Over the last couple of weeks I have spoken to several senior officials of the ICC's global broadcaster and there is unanimity over the assessment that the Indian market alone contributes nearly 70% of the value of the rights; if you include the various Indian diasporas, that figure is in the region of 80%. India's withdrawal from the Champions Trophy is unthinkable, and the consequences will be disastrous for all concerned, but the Members Participation Agreement, signed in 2014, does give them the right to do so, and the broadcast agreement does allow the broadcasters to pull out in such an eventuality.
The point is not whether this will happen; the question is about the soundness of the strategy to marginalise and isolate the game's largest stakeholder (it's a word cricket's administrators are increasingly fond of) from the decision-making process and paint it into such a corner that it will lay in wait for the opportunity to extract vengeance.

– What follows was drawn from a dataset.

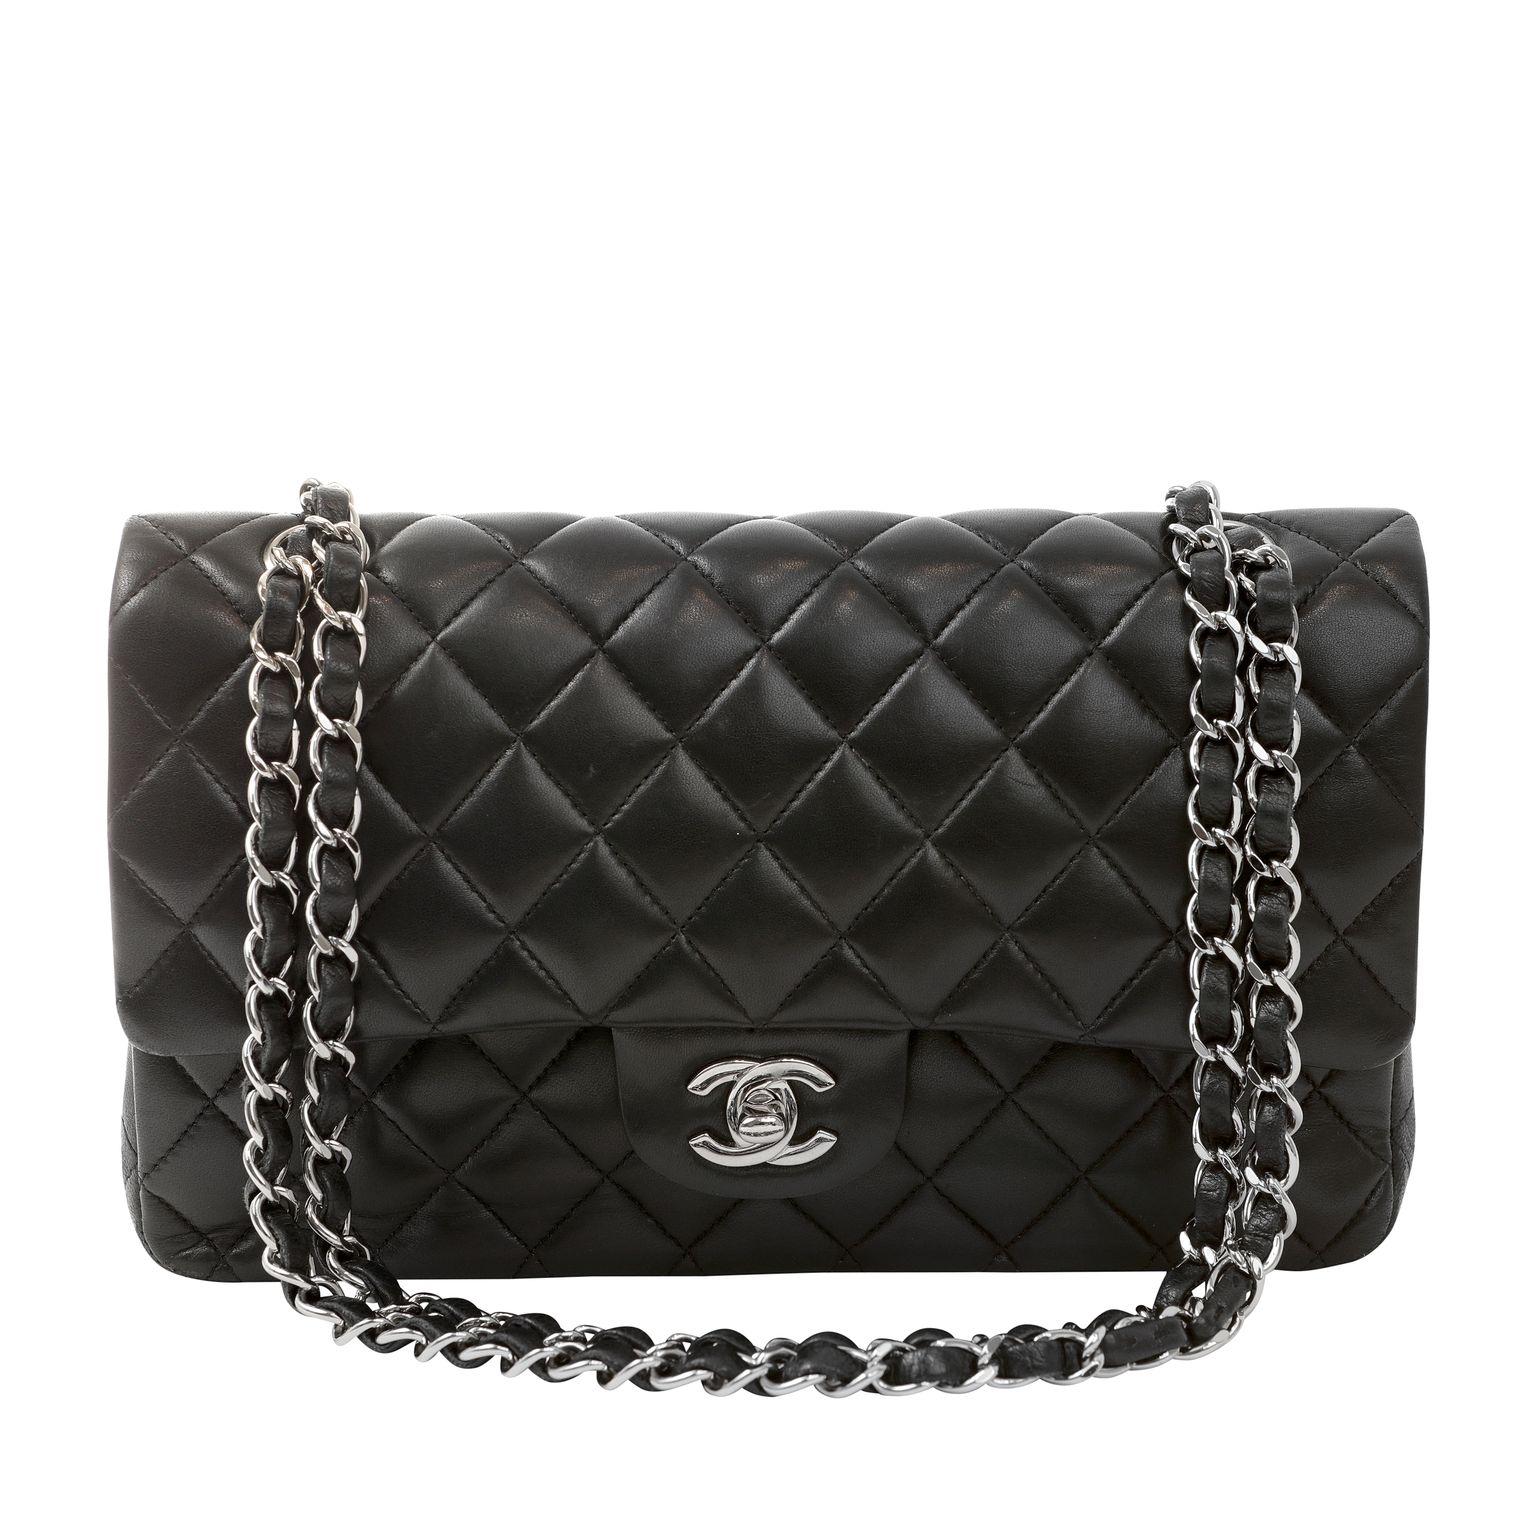 Women's Chanel Black Lambskin Medium Classic Flap Bag  with Silver Hardware For Sale

Already, there is nervousness among cricket boards over the matter of bilateral tours with India, the most reliable source of income for many boards, and by April, when the next ICC board meeting is due, it is likely that the voting equation will have altered.
The pity is that this was avoidable. There was the opportunity, and the environment, to forge a collaboration for a new global order in cricket. The BCCI has never been the most loved organisation either at home or abroad, but a transformation is under way. To launch a strike against it at a moment of weakness is, above everything else, bad politics.